Content starts
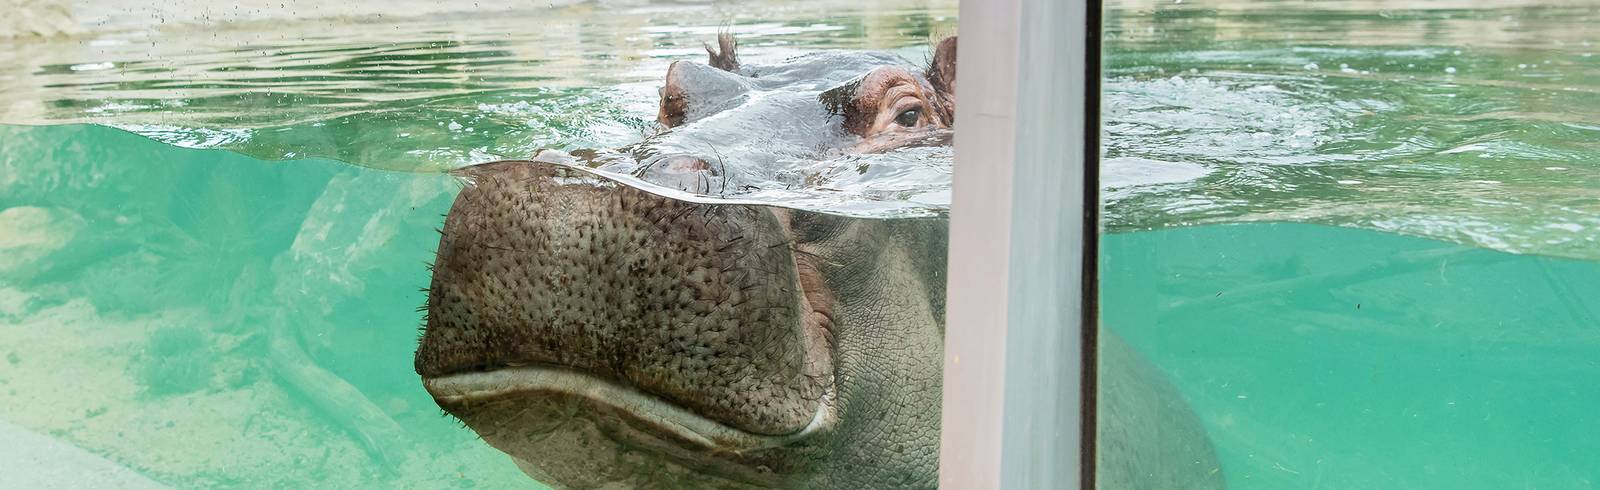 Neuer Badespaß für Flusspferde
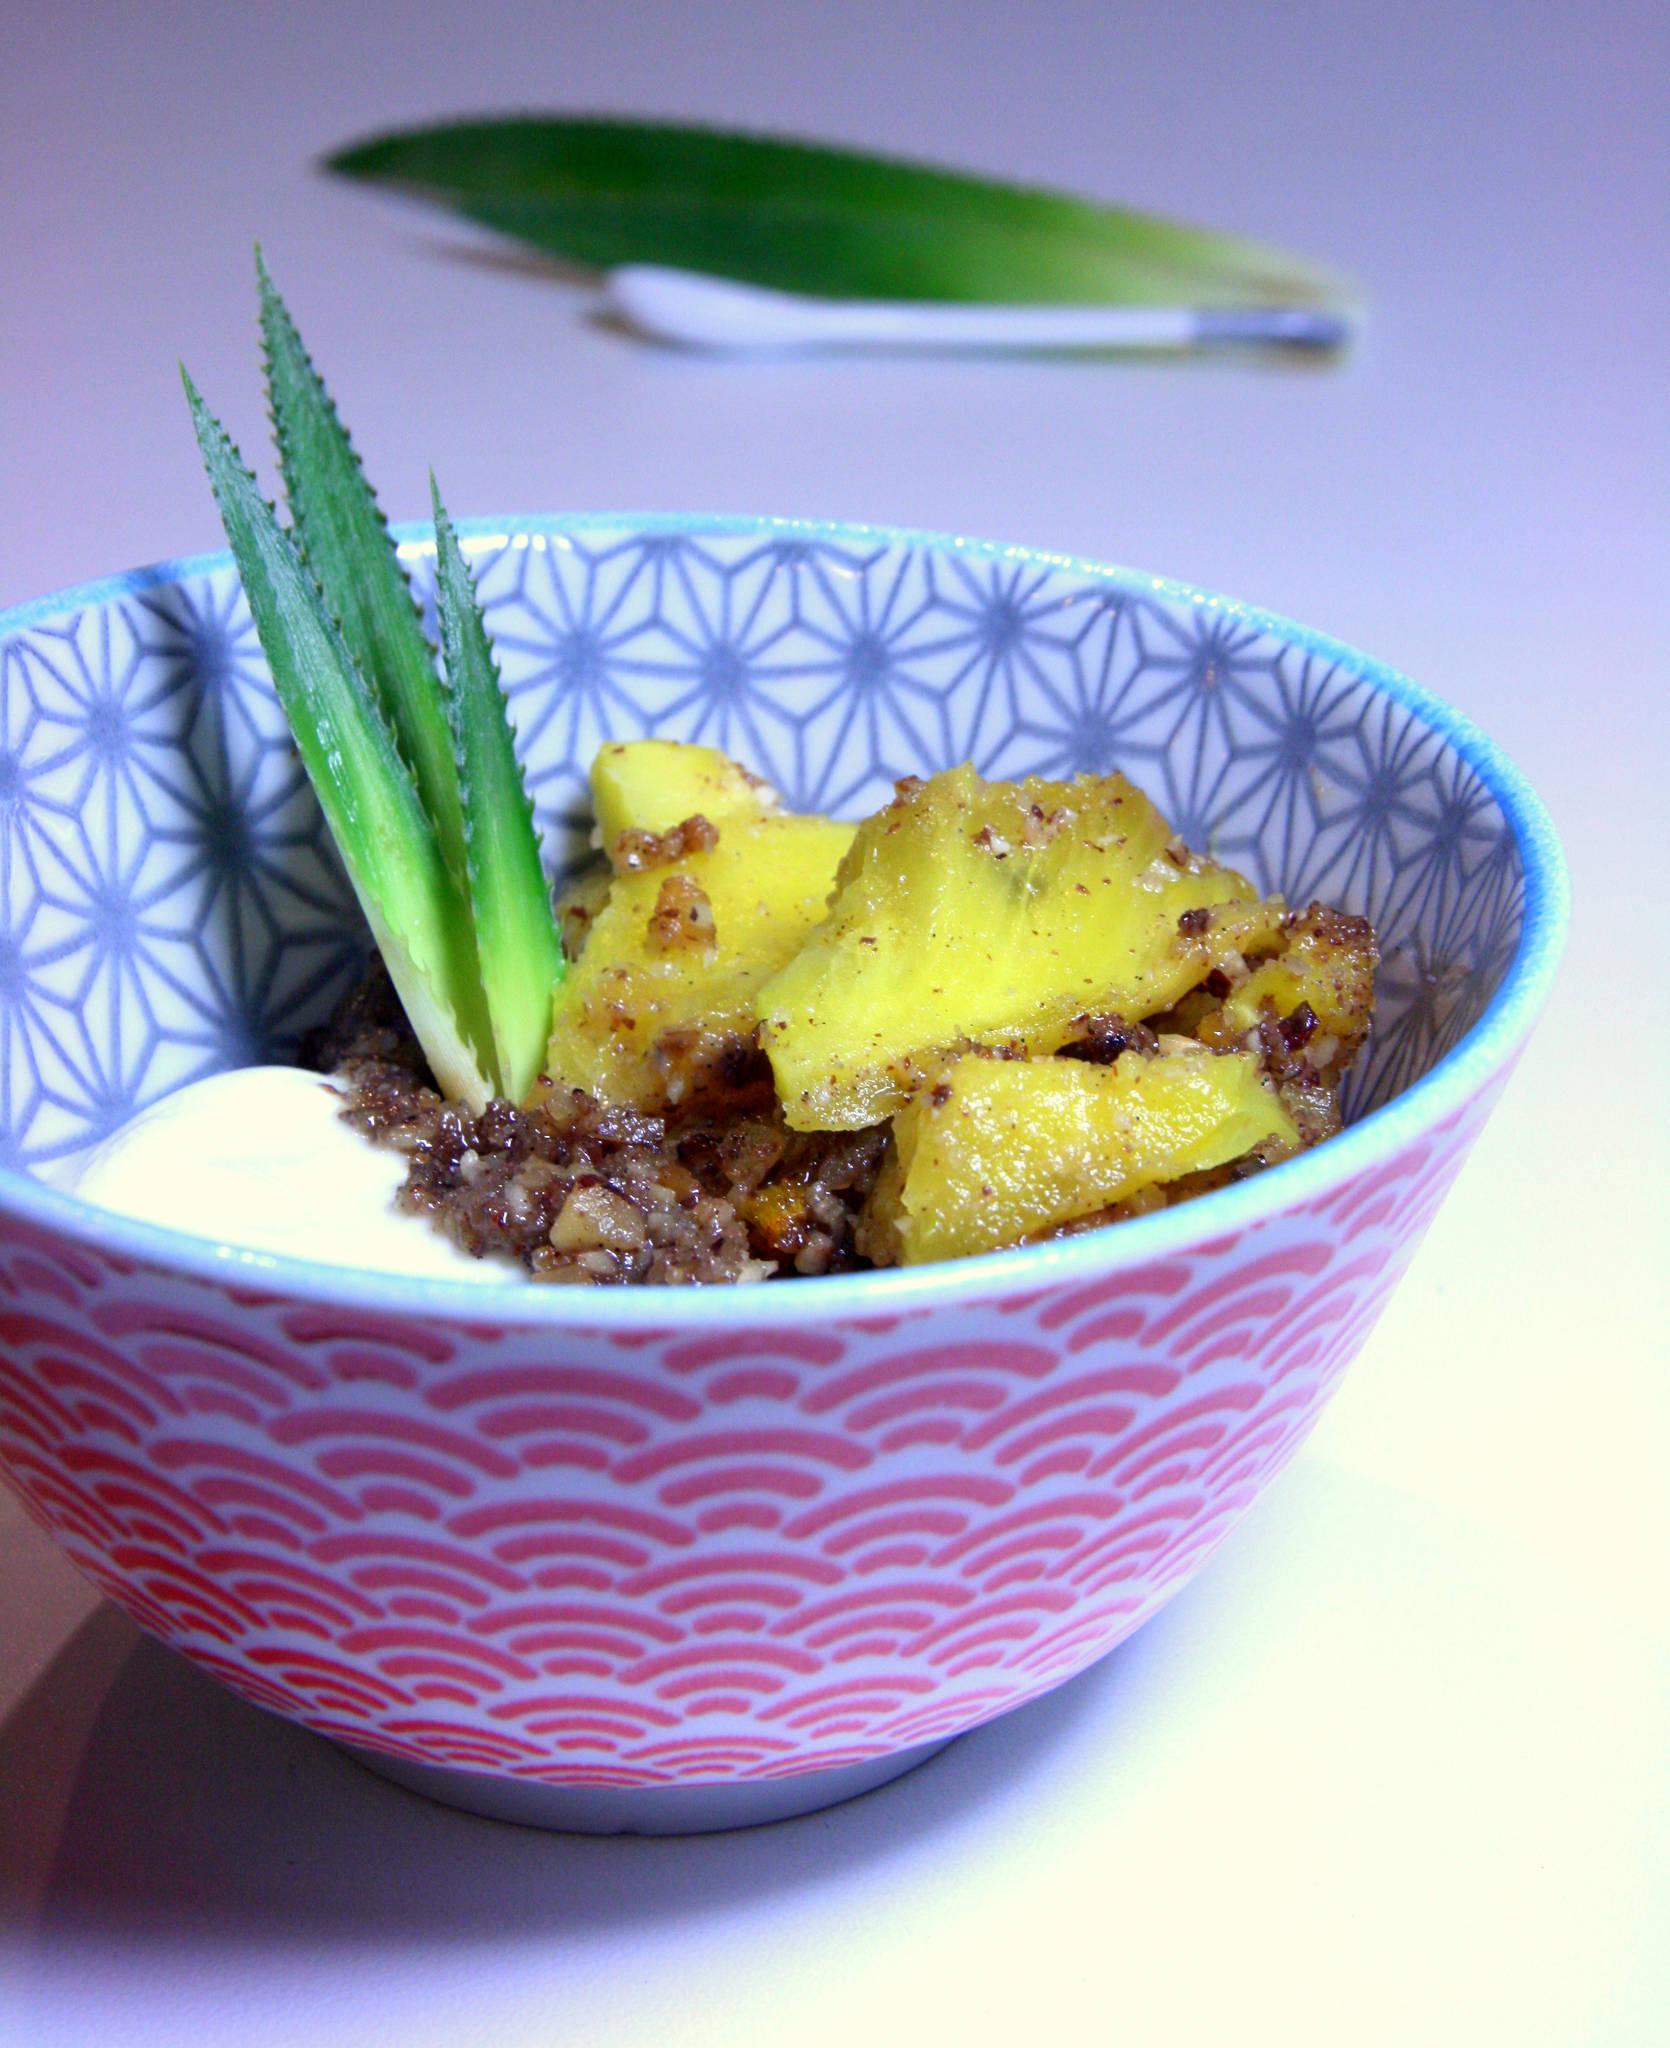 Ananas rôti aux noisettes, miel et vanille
Content ends
Content starts
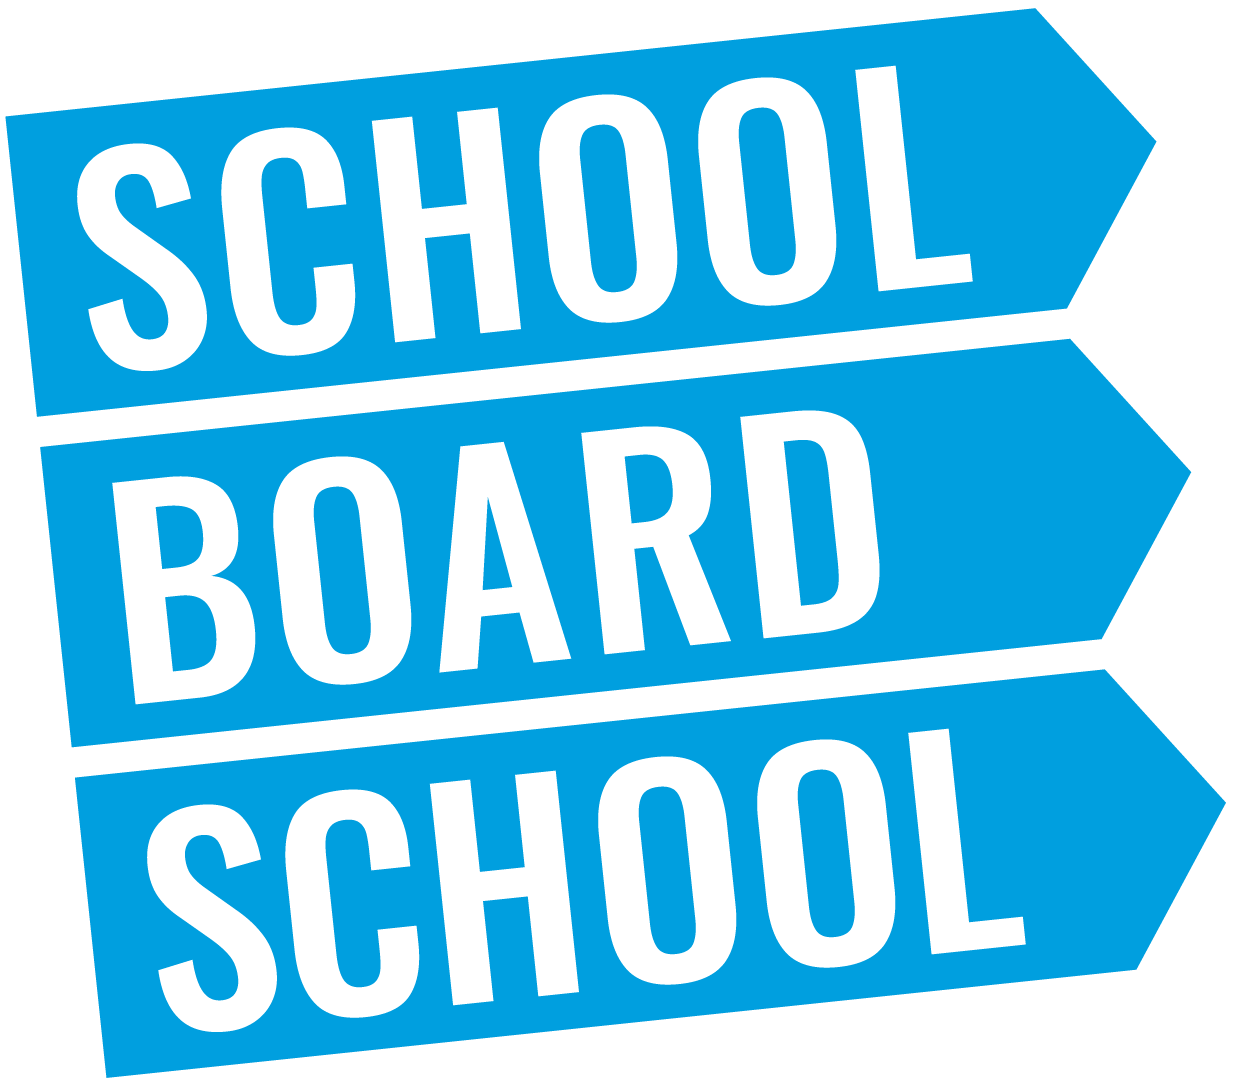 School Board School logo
Content ends
Look above for the line containing "Neuer Badespaß für Flusspferde" and the line containing "Ananas rôti aux noisettes, miel et vanille", then reproduce both and everything between them exactly, pictures omitted.

 Neuer Badespaß für Flusspferde
 Ananas rôti aux noisettes, miel et vanille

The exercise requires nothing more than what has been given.